Absorbent articles according to the present disclosure include
diapers and adult incontinence articles, for example. A schematic,
perspective view of one embodiment of an absorbent article 100
according to the present disclosure is shown in FIG. 4. Absorbent
article 100 includes a chassis 130 with a topsheet side 132 and a
backsheet side 134. The chassis 130 also has first and second
opposing longitudinal edges 136 and 138 extending from a rear waist
region 142 to an opposing front waist region 144. The longitudinal
direction of the absorbent article 100 refers to the direction
extending between the rear waist region 142 and the front waist
region 144. Therefore, the term "longitudinal" refers to the length
of the absorbent article 100, for example, when it is in an open
configuration.
[0124] In some embodiments of the absorbent article disclosed
herein, including the embodiment illustrated in FIG. 4, the
absorbent article 100 has ear portions 150 in the rear waist region
142 which comprising the composite elastic material of the present
disclosure and/or made by the process disclosed herein. Composite
elastic materials useful as ear portions 150 can conveniently be
made by a process, for example, in which the elastic layer is
stretched in either the cross direction or the machine direction
(e.g., using any of the methods described above) when bonded to the
structured film layer. For the purposes of the present disclosure,
the ear portions are considered part of the chassis 130.

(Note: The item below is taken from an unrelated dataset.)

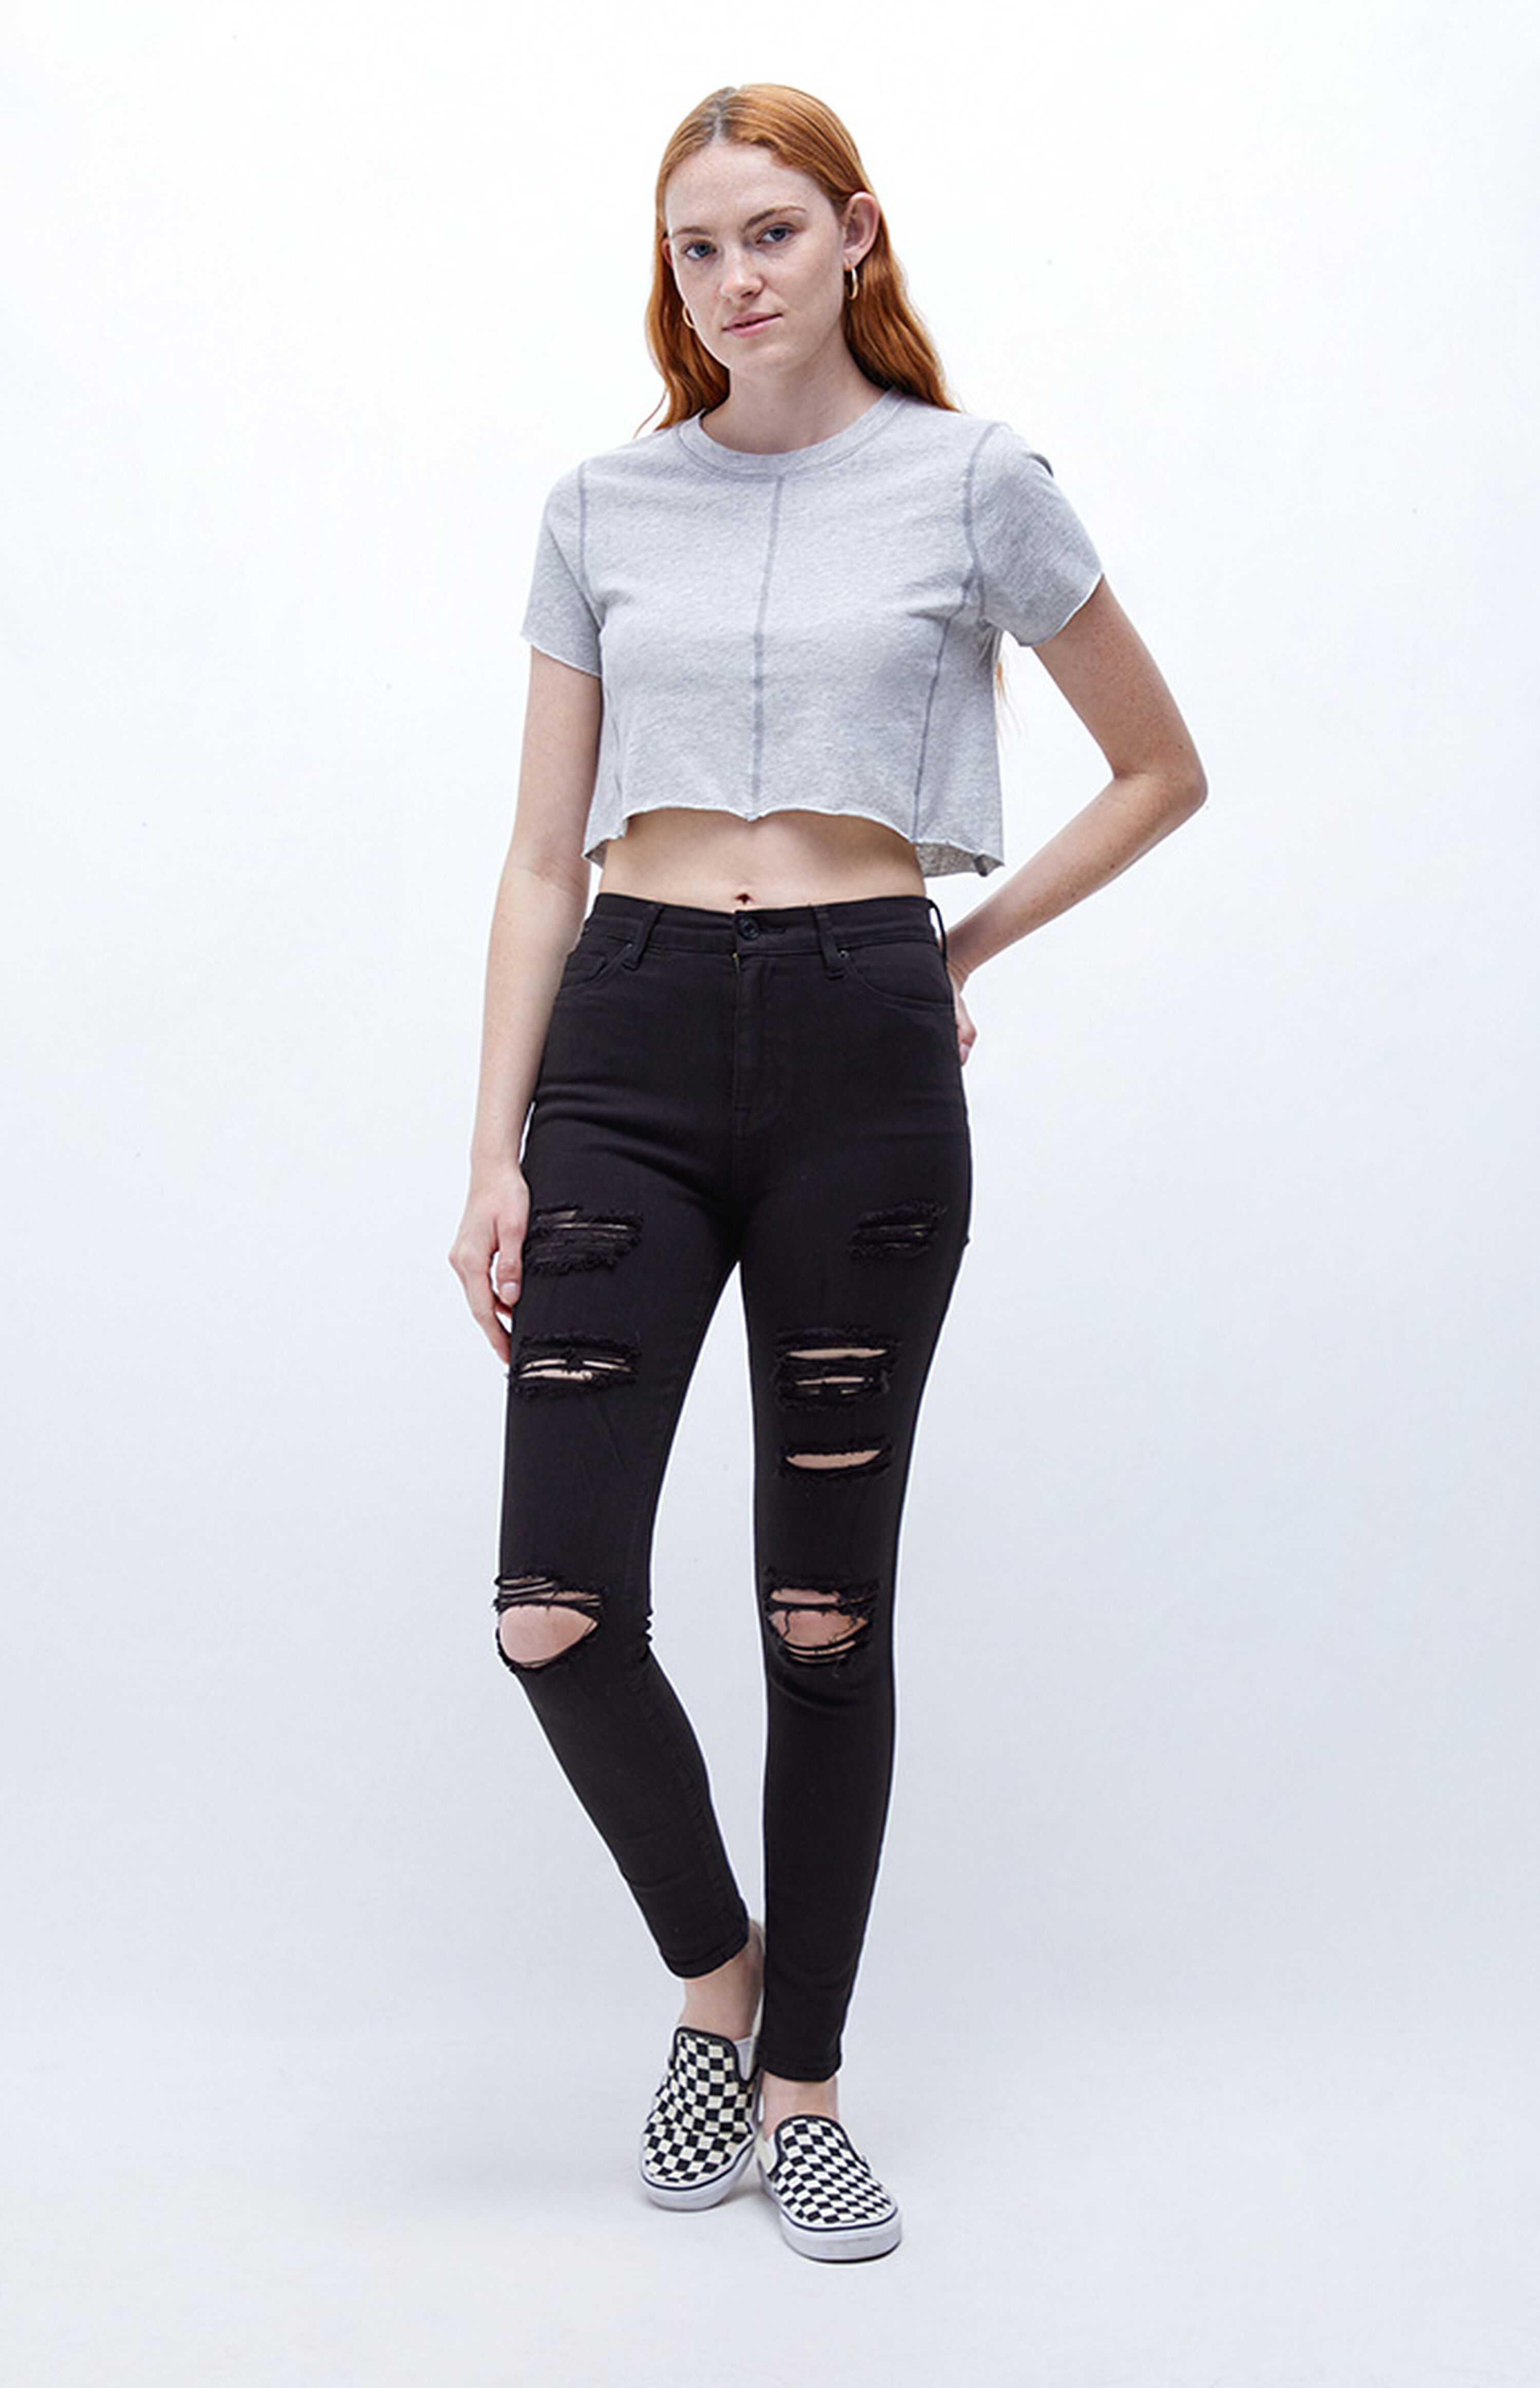 PacSun Black Ripped High Waisted Jeggings | PacSun

[0125] Absorbent articles (e.g., incontinence articles and diapers)
according to the present disclosure may have any desired shape such
as a rectangular shape, a shape like the letter I, a shape like the
letter T, or an hourglass shape. The absorbent article may also be
a refastenable pants-style diaper with a portion of the composite
elastic material of the present disclosure along each longitudinal
edge. In some embodiments, including the embodiment shown in FIG.
4, the composite elastic material is included in separate side
panels that are attached to the sandwich of at least topsheet,
backsheet, and absorbent core during manufacturing of the absorbent
article, for example, to form ear portions 150. In the illustrated
embodiment, the absorbent article also comprises an elastic
material 149 along at least a portion of first and second
longitudinal side edges 136 and 138 to provide leg cuffs.
[0126] When the absorbent article 100 shown in FIG. 4 is worn, the
ear portions 150 in the rear waist region 142 may be wrapped around
the wearer's body to overlap and engage with the front waist region
144. In some embodiments, the structured film layer on the ear
portions 150 can be engaged with a target area (not shown)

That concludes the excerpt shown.